Meta? It has spent the most money, signed the most chip contracts, done the most frequent organizational reshuffles, but so far, it has not produced a cutting-edge model that can convince the market.
Meta's AI story is somewhat like Yahoo in 2005. At that time, Yahoo was also one of the richest internet companies, also疯狂收购和砸钱 (acquiring and spending frantically), but it just couldn't make a search engine as good as Google's. Money isn't omnipotent.
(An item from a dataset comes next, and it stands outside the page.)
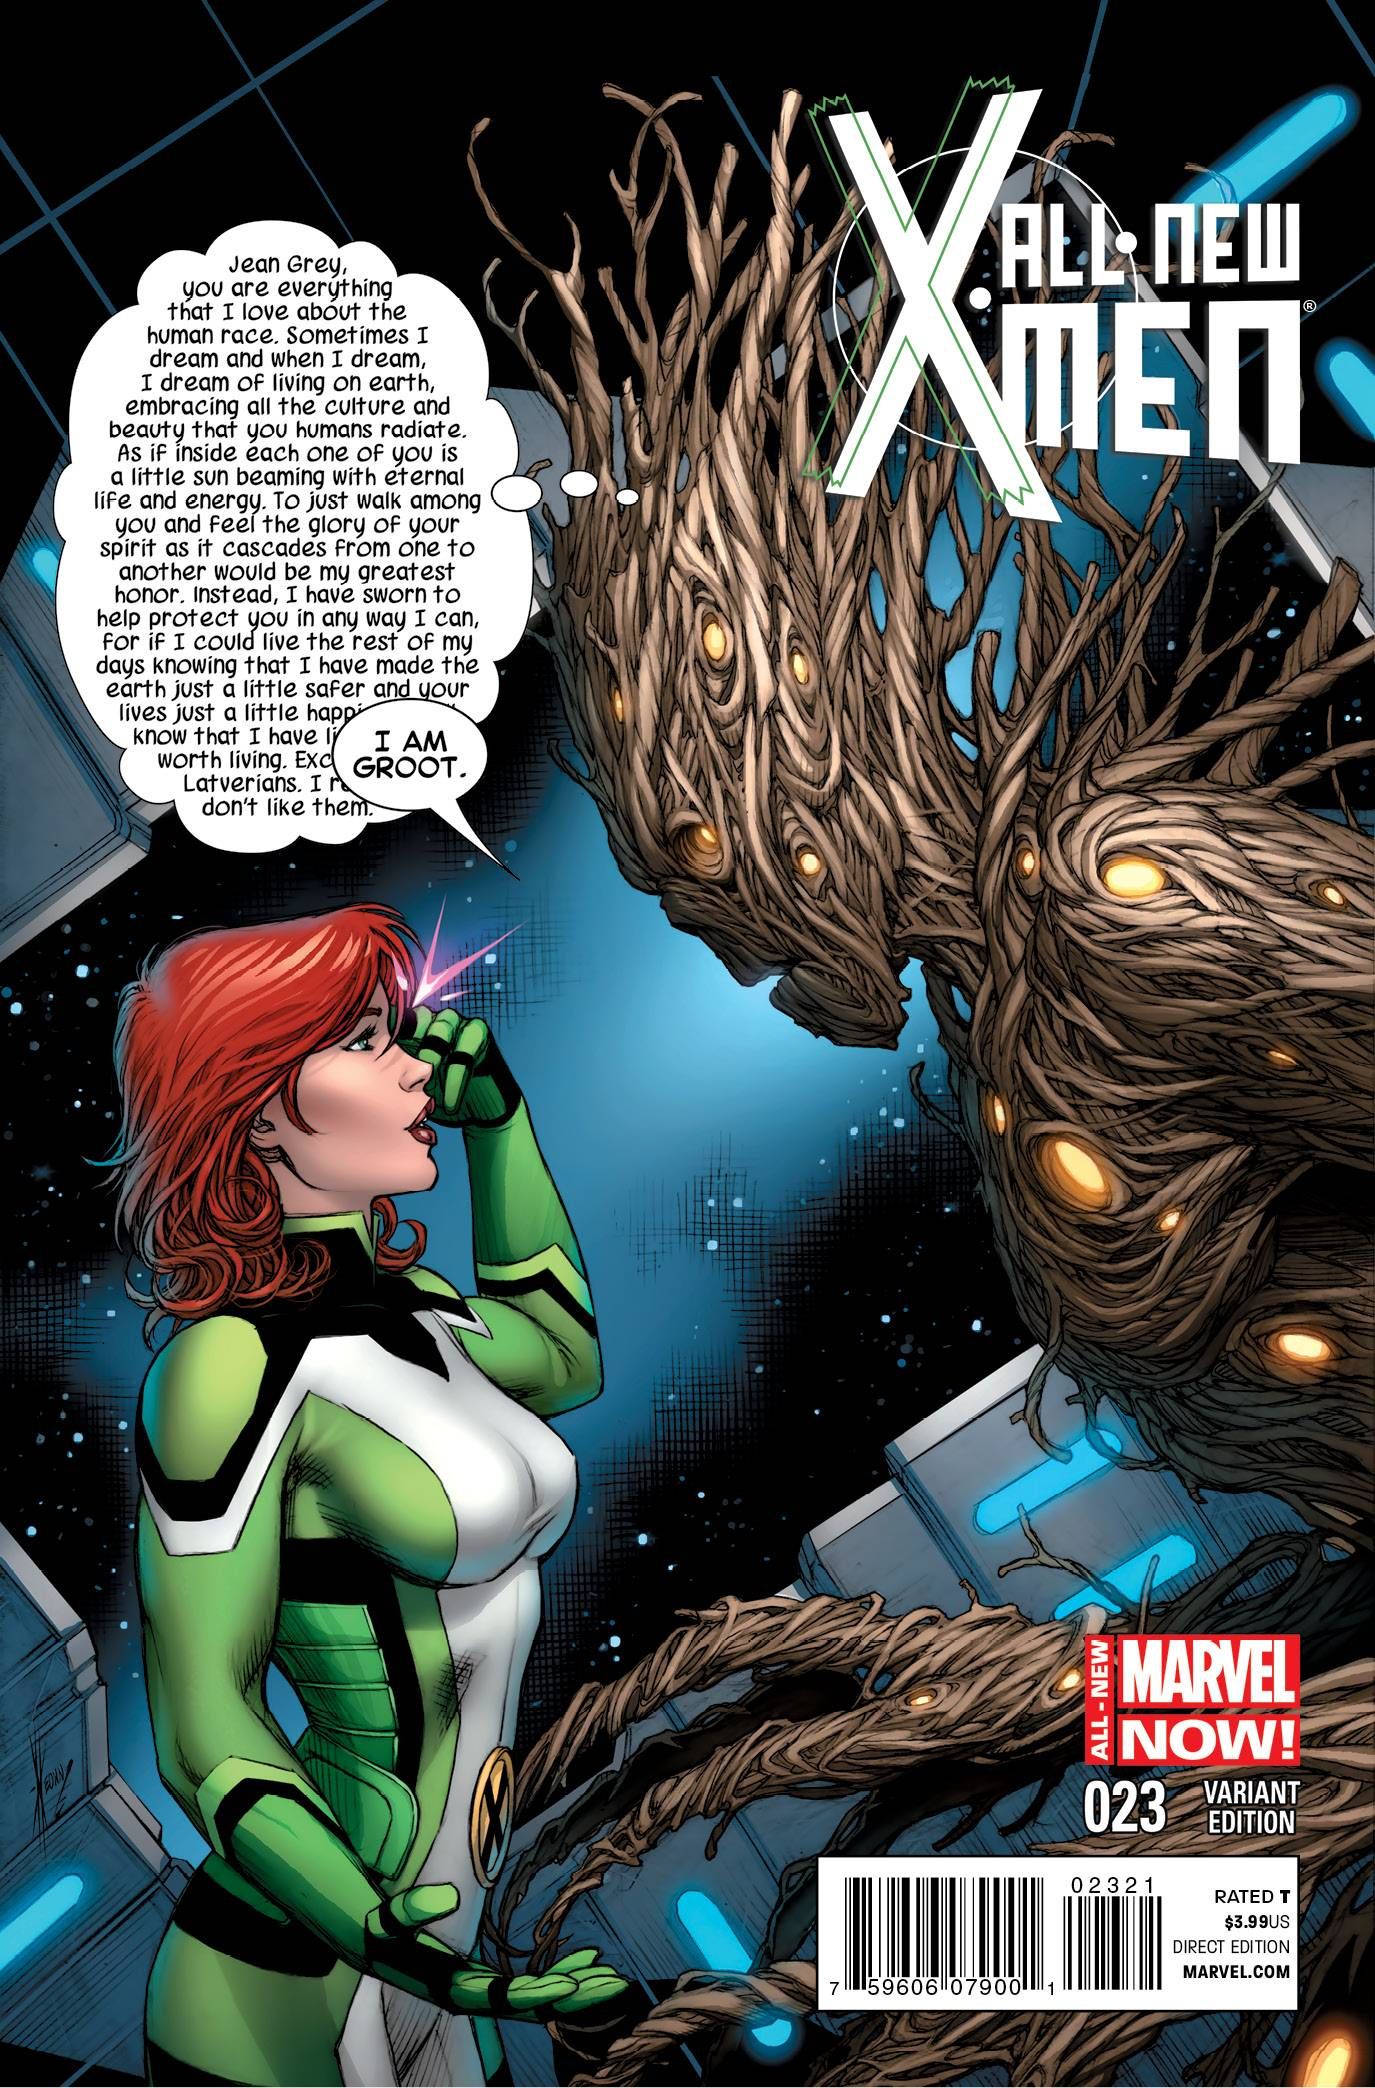 Jean Grey interprets Groot's iconic phrase with telepathy while standing in front of one another

Zuckerberg needs to figure out what Meta really wants to do in AI, not just buy whatever is hot.
Of course, it's still too early to write Meta's obituary. 3.58 billion monthly active users, $59.9 billion in quarterly revenue, the world's largest social dataset—these are assets that any competitor would find difficult to replicate.
If the next-generation model codenamed Avocado can be delivered as scheduled in 2026 and return to the first tier, all of Zuckerberg's spending and restructuring will be packaged as "the strategic courage to turn the tide." But if it underperforms again, then this $135 billion will only have bought warehouses of silicon wafers that heat up when powered on.
After all, the AI arms race in Silicon Valley has no shortage of super buyers waving checks. What's lacking are the people who know how to use this computing power to forge the future.